Dozens of hands shot up throughout the auditorium.
“Take a look around,” the man said. “If you’re close enough, go ahead and lay hands on someone who had the courage to raise their hand. Our boy here is going to pray from the stage that God would heal every single one of you, and we’re all going to pray with him, and when God heals you, I want you to let us know.”
He handed me the microphone, and I closed my eyes, blocking out the mass of bodies filling the room. A short prayer wasn’t an option now. I conjured up all the language I knew to describe the supernatural activity the audience anticipated God would undertake.
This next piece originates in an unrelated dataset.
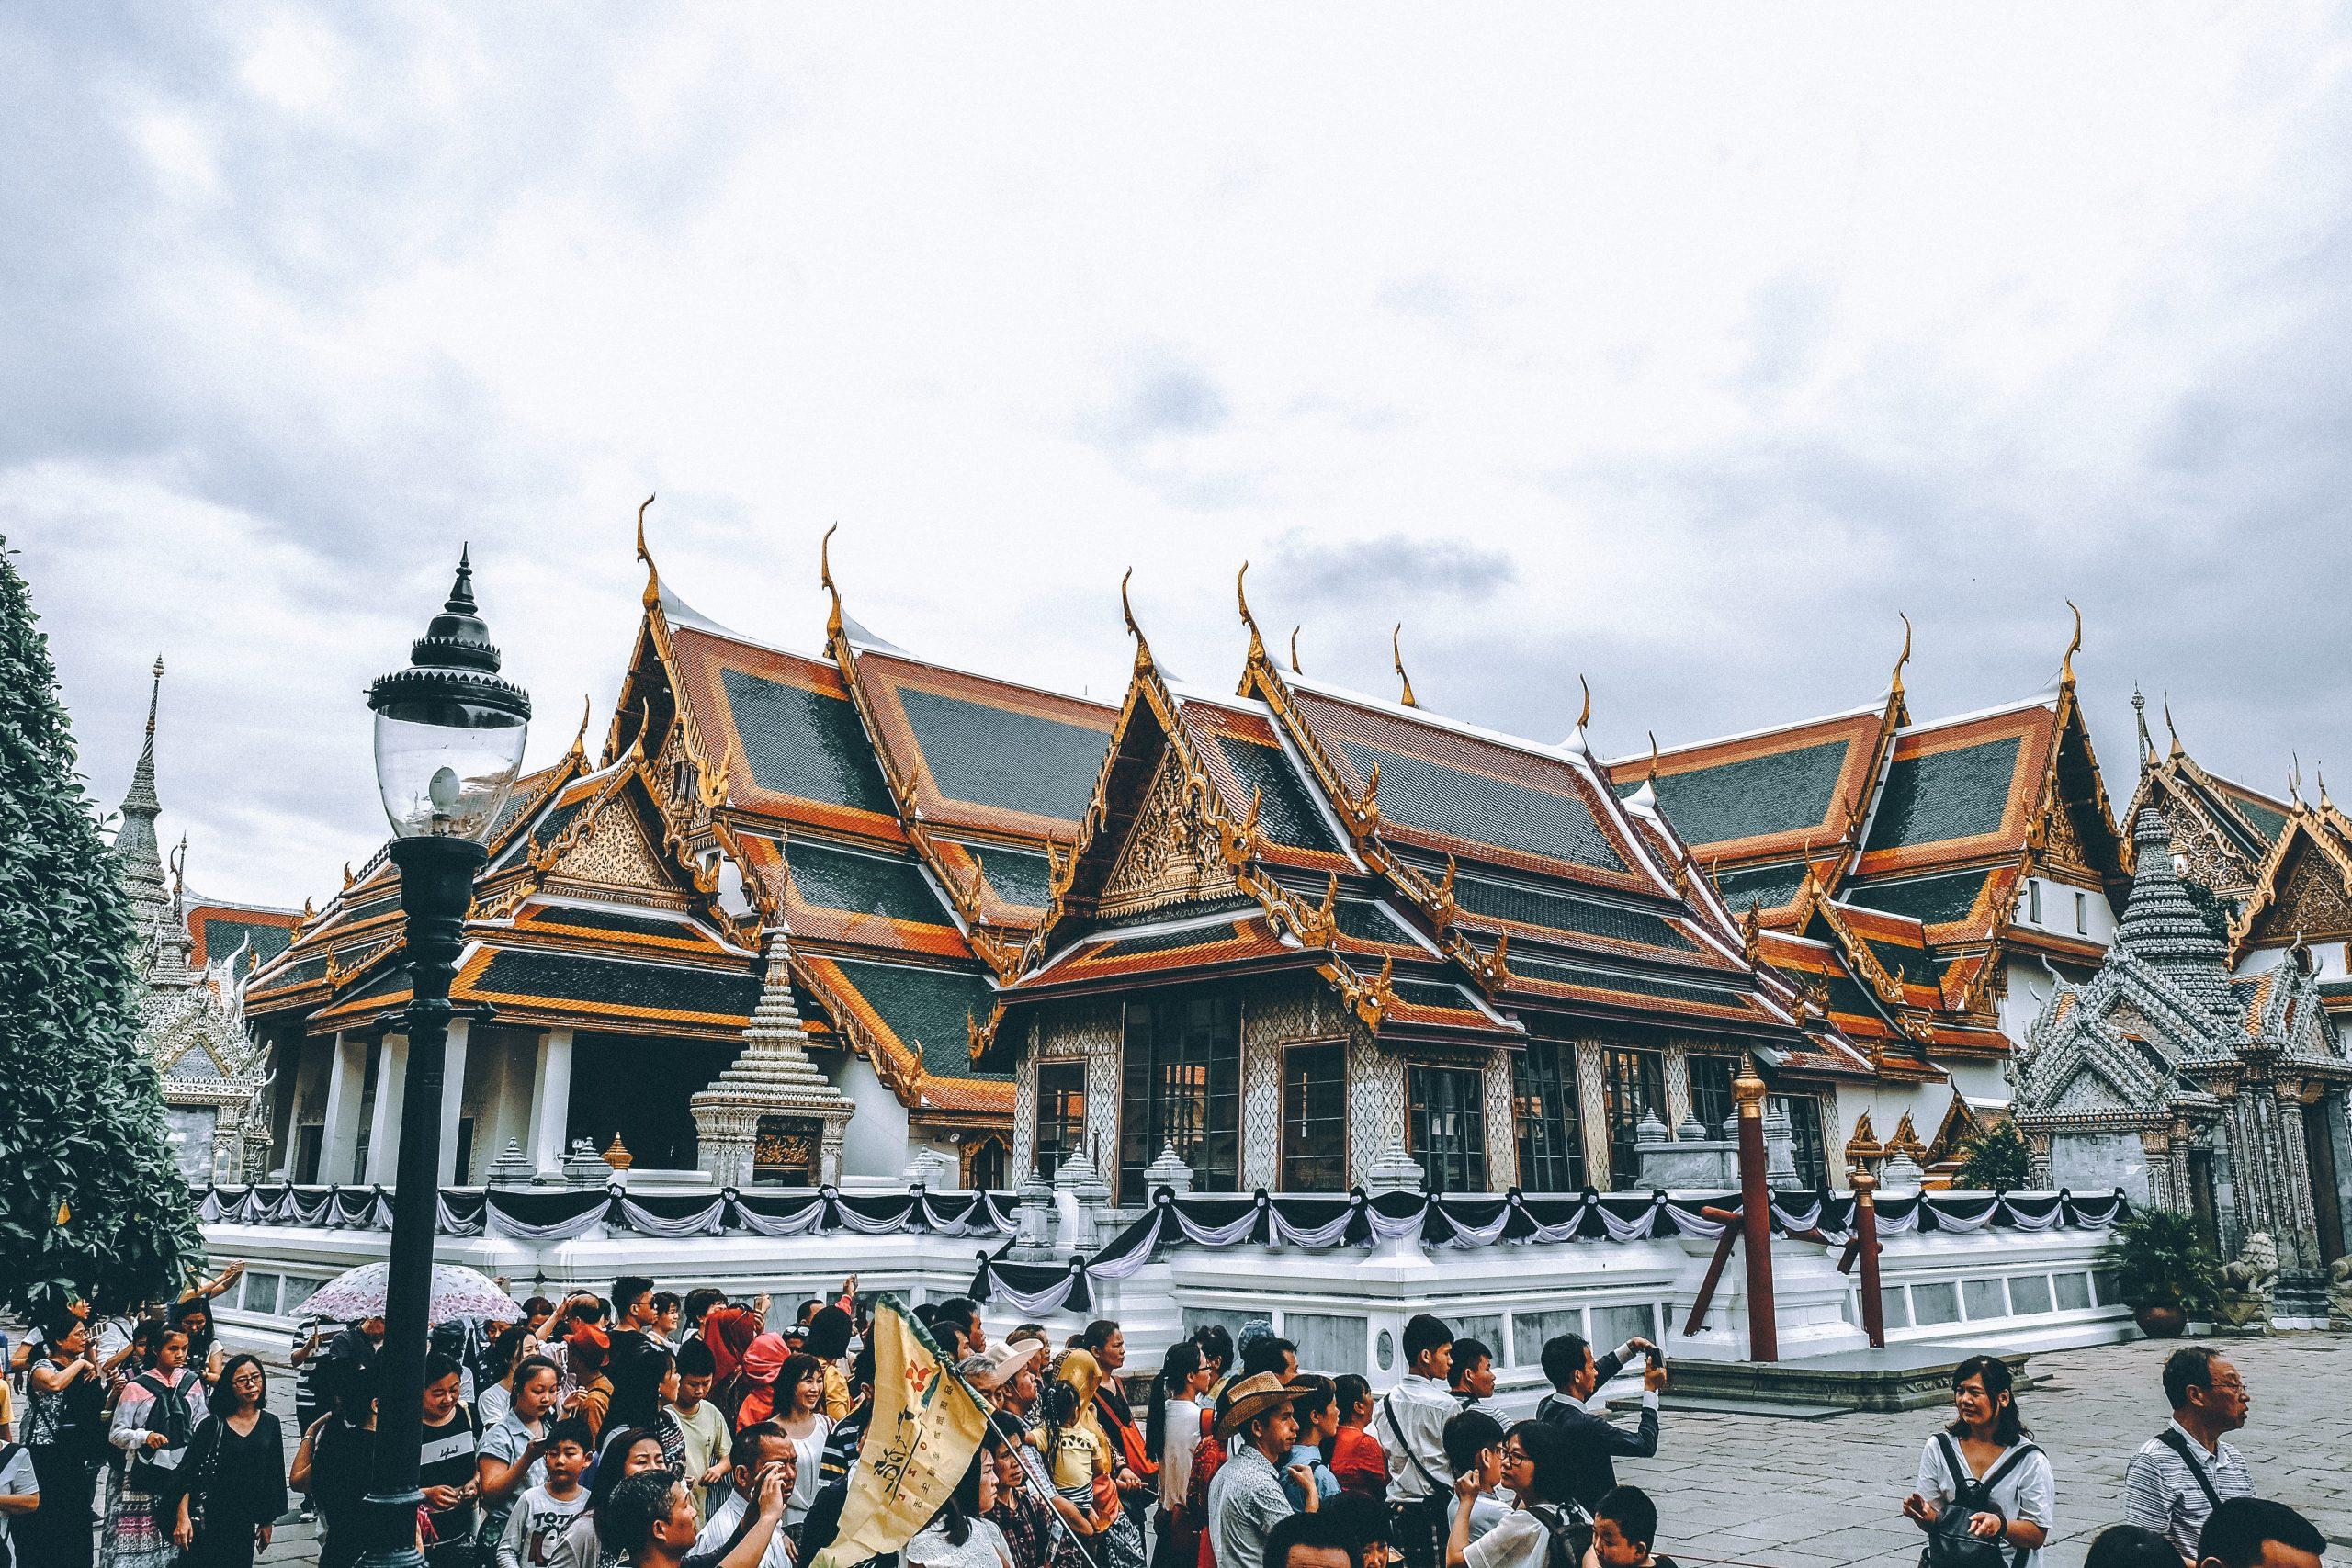 palazzo reale bangkok come arrivare, prezzi, orari e storia

Voices filled the room as the crowd joined in, their voices unintelligible, mine rising slightly over the hum of jumbled orisons as my prayer emerged from the speakers. I opened my eyes and looked around for the people who might acknowledge their healing. A few half-smiles on the faces of those who had been blessed. In one of the wings of the room, a man jumped up and down pointing to another man upon whom he had laid hands and who he insisted had been healed. I looked from the leaping man to the one whose pain had left his body. His eyes resigned, tired. He rested those weary eyes on mine and shrugged and nodded.
I’ve never been able to get that image out of my head. All the auditorium has faded away, and there is only the bouncing healer pointing and the man healed. He looks sad. Hollow. As though, whether he has been healed or not, he has lost something more than just the pain in his knee.